Интонации у него уже немного репинские, хотя первый курс только начался. Эти «большие массы, не лезем в ручки и сколы» я читала десятки раз — в учебниках по академическому рисунку, в методичках, которые скачивала ночью, пока остальные спали. Лекции были знакомыми, как команды в консоли: набираешь привычную строку, и всё равно каждый раз что‑то внутри тихо радуется, что система отвечает.

Я провалила экзамены аккуратно и честно. Не потому, что была бездарна, а потому, что система не увидела во мне нужного количества «больших масс». Там видели только результат. Здесь, у Ильи, он говорил о процессе, и я ловила себя на том, что слушаю сквозь привычный скепсис. Но по иронии судьбы студентов учили в Академии и по по моей книге: "Техника лессировки".

Интереснее были люди.

Одна из четырнадцатилетних шепнула другой:— А завтра правда голую рисуют?

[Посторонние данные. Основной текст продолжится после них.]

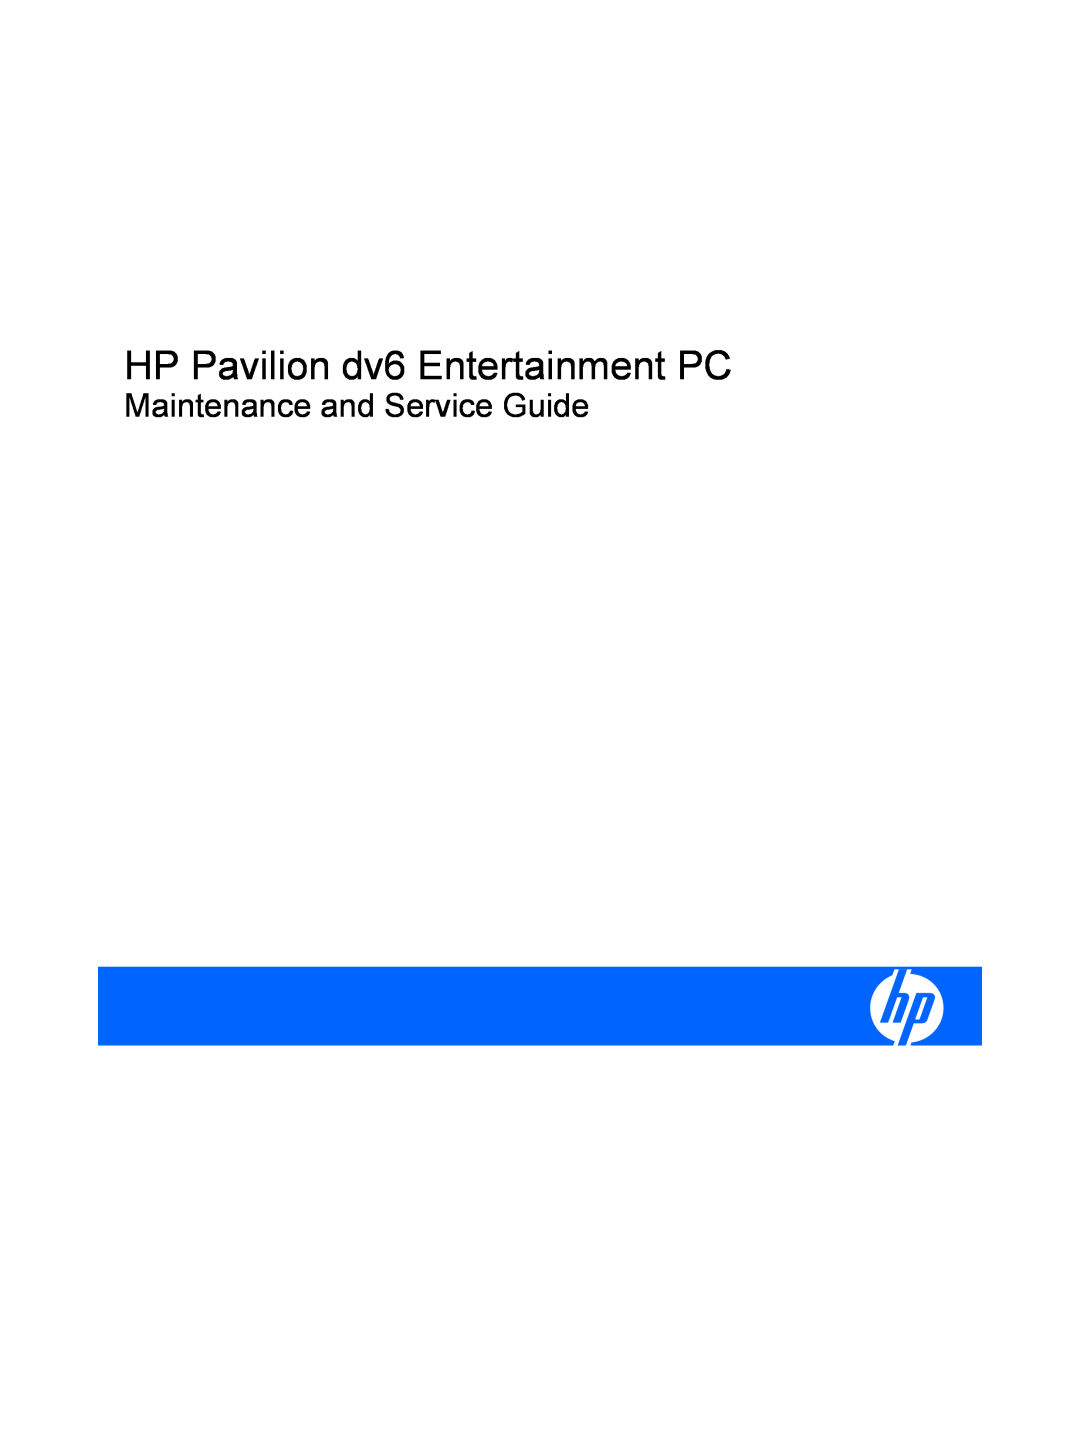 HP DV6 manual HP Pavilion dv6 Entertainment PC, Maintenance and Service Guide

— Кому нет шестнадцати, завтра лучше не приходить, — сказал Илья, будто и не смотрел в их сторону. — Условие площадки, не моё. Зато в следующую субботу повесим лучшие воскресные работы — сможете посмотреть.

Девочки переглянулись. Одна расстроилась — видно было по тому, как она чуть выдвинула подбородок, не соглашаясь с несправедливостью мира. Другая, кажется, тайно обрадовалась — она чуть опустила плечи, как будто с них сняли небольшую гирю.

Я отметила этот микросдвиг так же автоматически, как отмечала у машин звук мотора или поведение стрелки тахометра. Одна сразу стала на полсантиметра выше, другая — на полсантиметра ниже. В четырнадцать это и есть вся философия свободы: можно ли прийти в воскресенье.

Оля, стоявшая чуть дальше, фыркнула почти неслышно. Для неё запреты всегда были не столько стеной, сколько спортивным снарядом: если где‑то повесили табличку «нельзя», значит, надо хотя бы примериться к высоте. В её взгляде на девочек было что‑то одновременно нежное и чуть завистливое: им пока всё только предстоит, а она уже знает, что за словом «обнажённая» ничего магического нет — только работа.

— Воскресенье не обязательный день, — добавил Илья. — Если некомфортно — просто не приходите. Никаких объяснений не нужно.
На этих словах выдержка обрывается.